[Opening MATERIAL PROVIDED section]
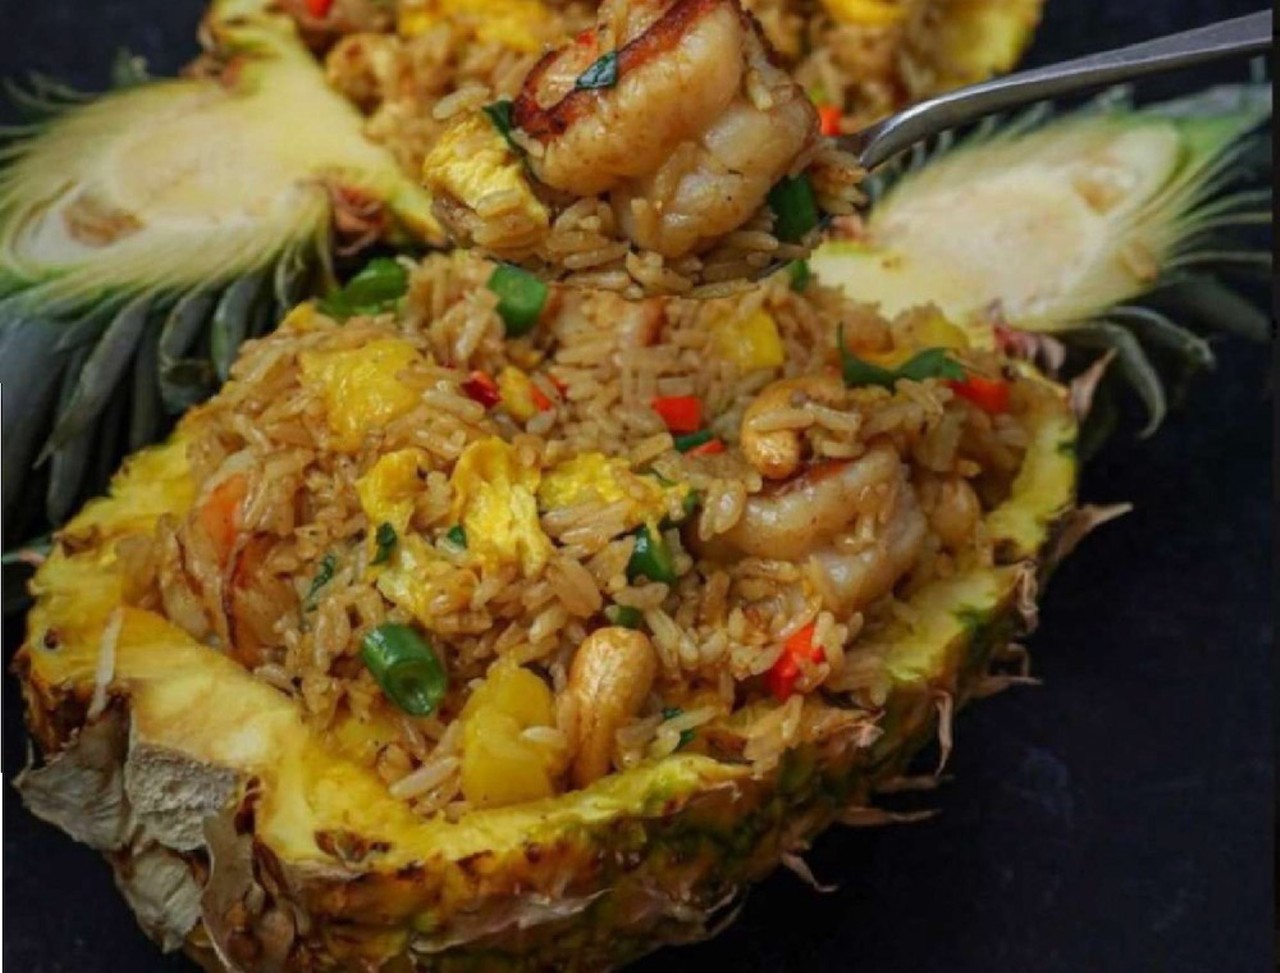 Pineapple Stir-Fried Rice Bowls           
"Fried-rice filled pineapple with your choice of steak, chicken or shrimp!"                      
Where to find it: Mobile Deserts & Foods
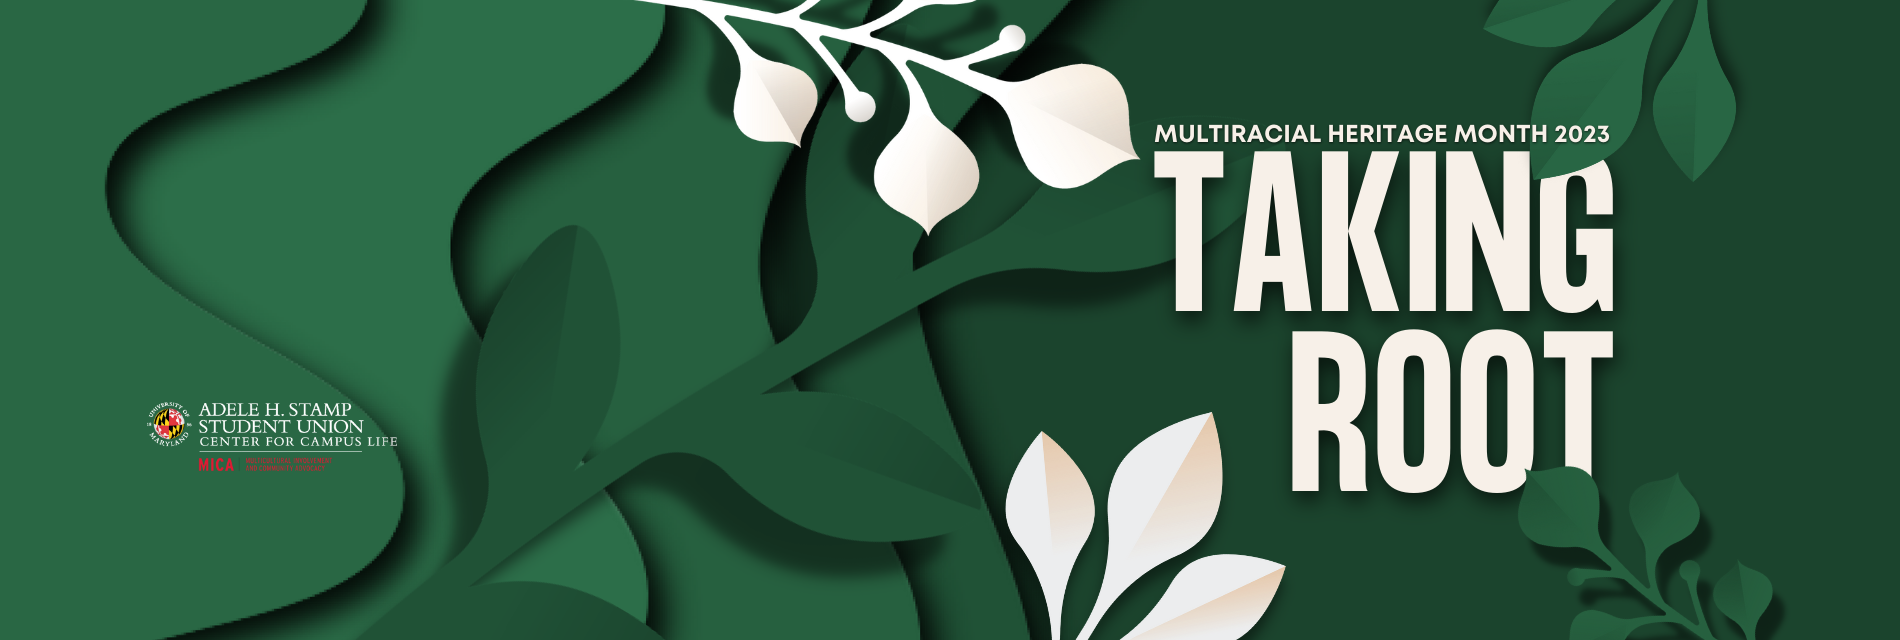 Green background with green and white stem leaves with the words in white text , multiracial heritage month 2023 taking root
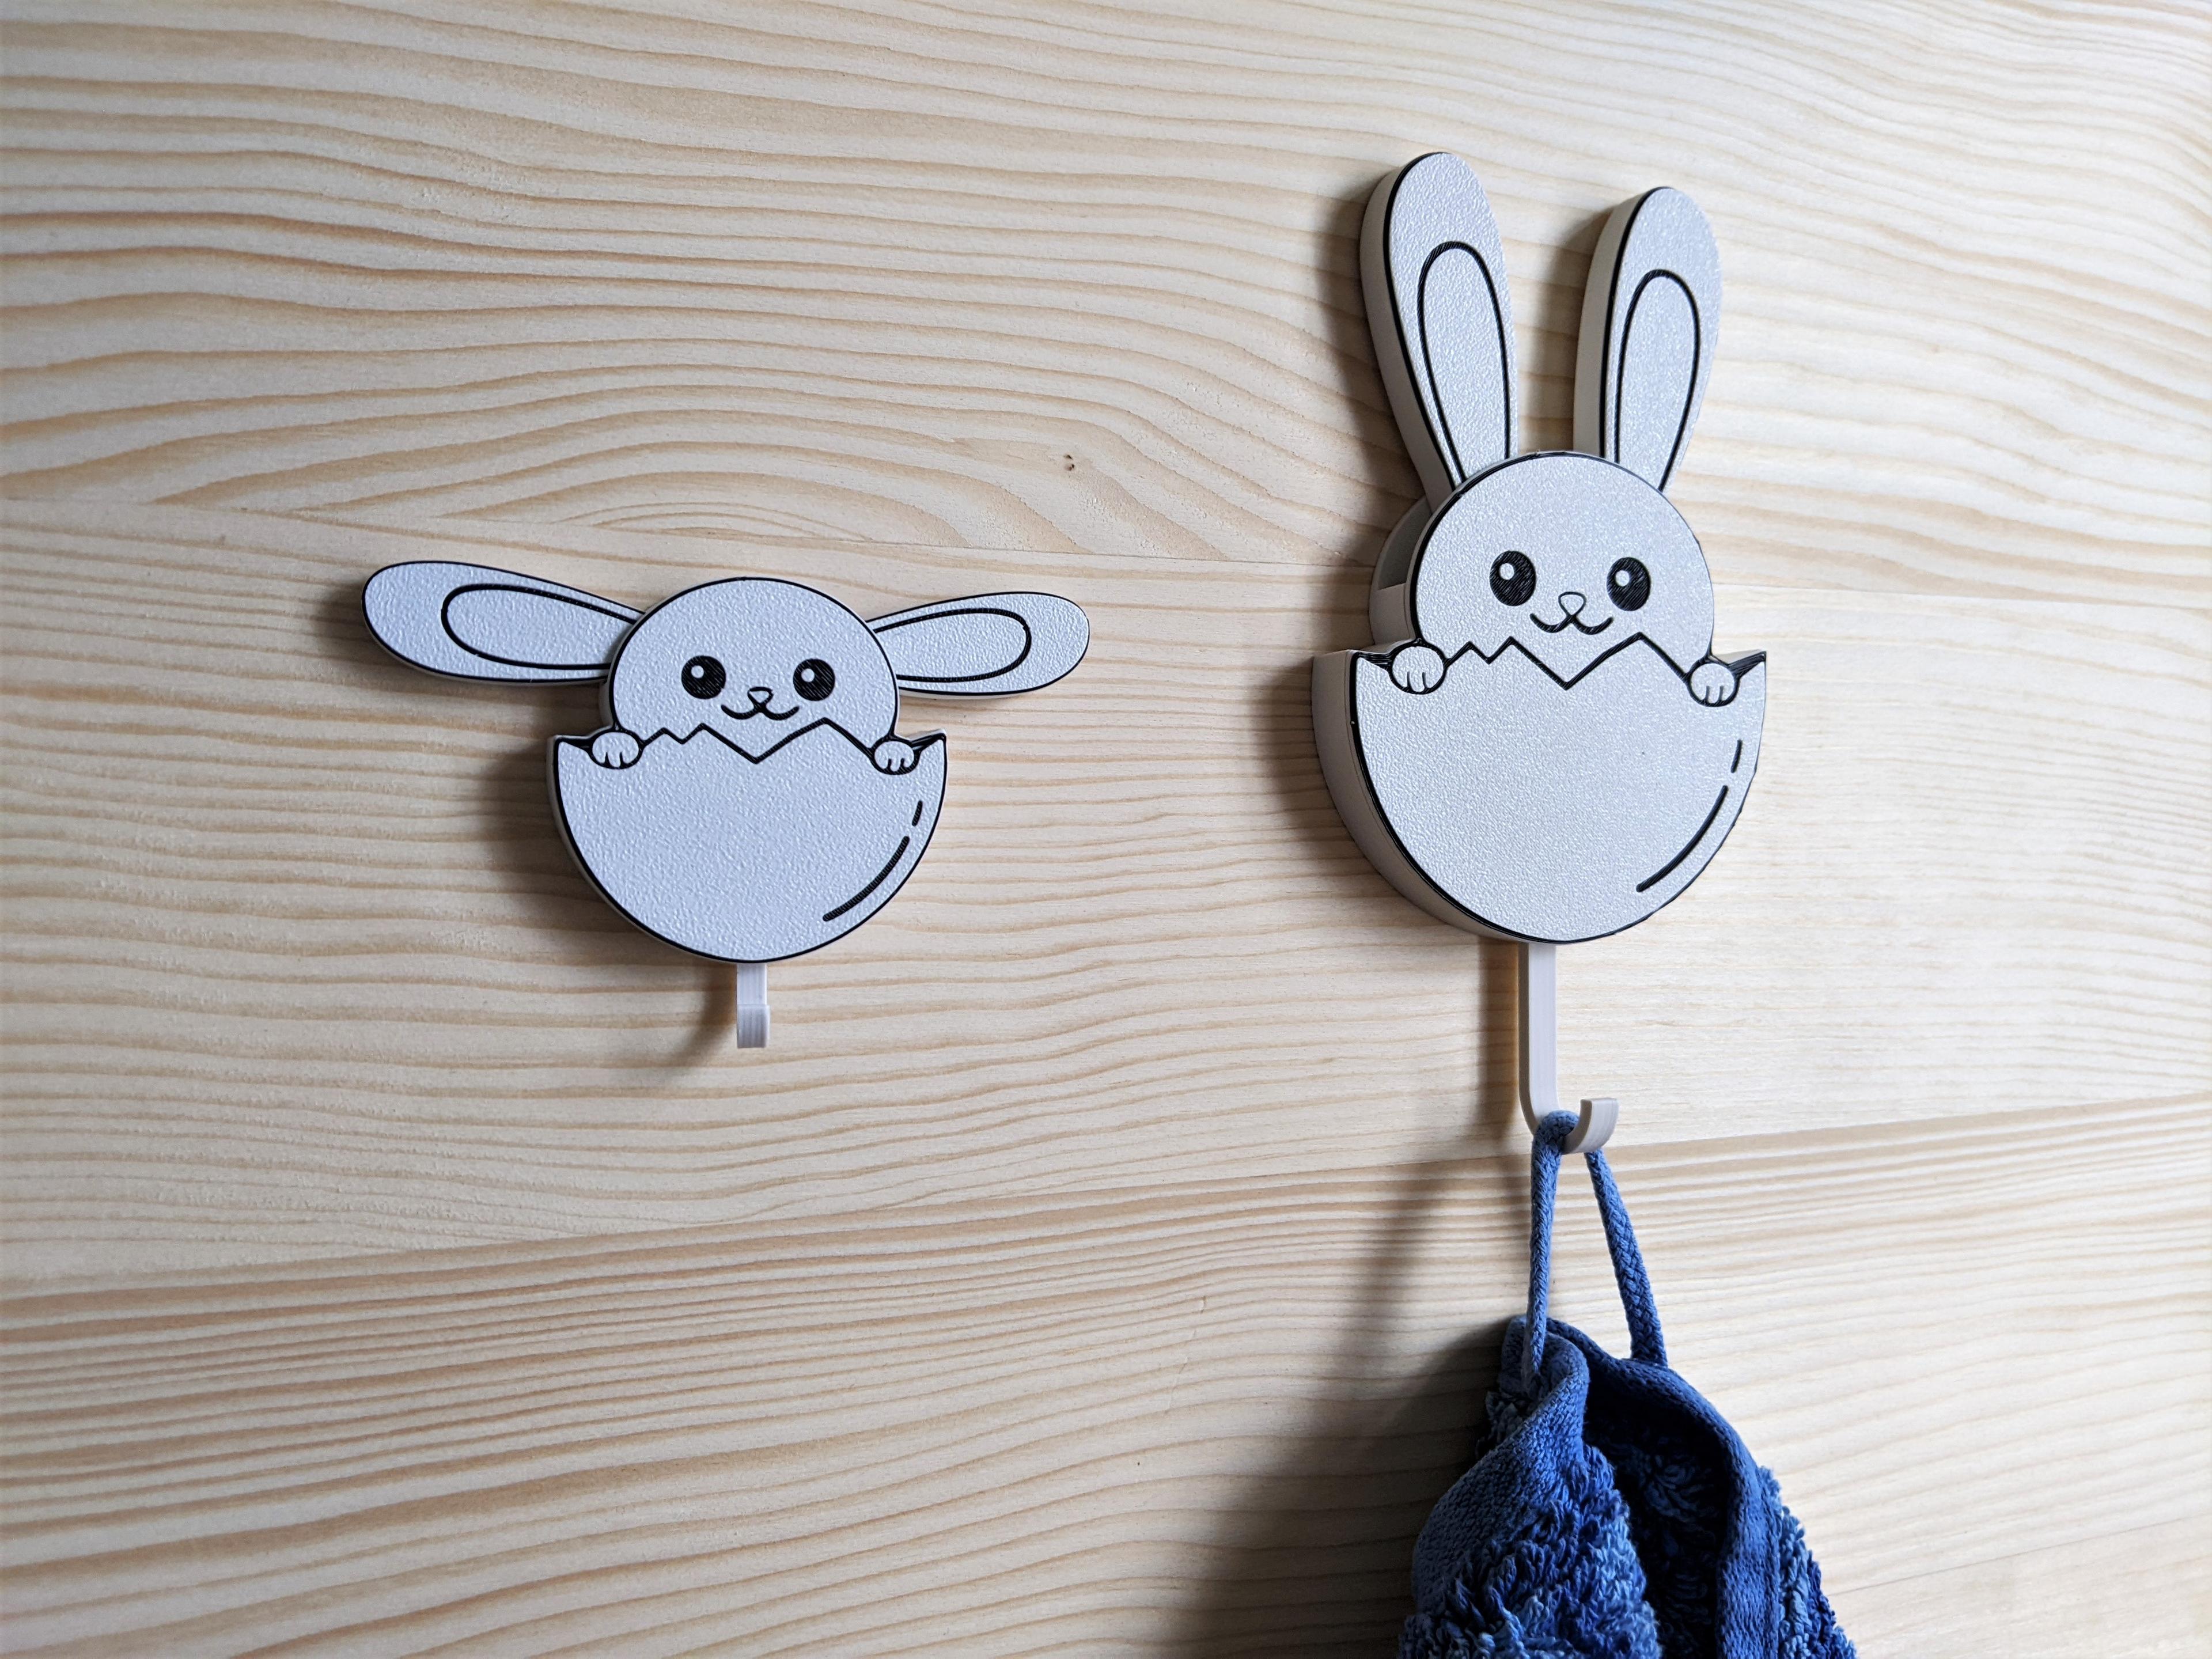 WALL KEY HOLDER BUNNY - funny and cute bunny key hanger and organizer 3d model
[Closing MATERIAL PROVIDED section]
▸ **EXERCISE PROMPT**
Would you transcribe, exactly and only, the lines from the one that contains "Where to find it: Mobile Deserts & Foods" through the last line of the data above, without any pictures?

▸ **TASK OUTPUT**
Where to find it: Mobile Deserts & Foods
 Green background with green and white stem leaves with the words in white text , multiracial heritage month 2023 taking root
 WALL KEY HOLDER BUNNY - funny and cute bunny key hanger and organizer 3d model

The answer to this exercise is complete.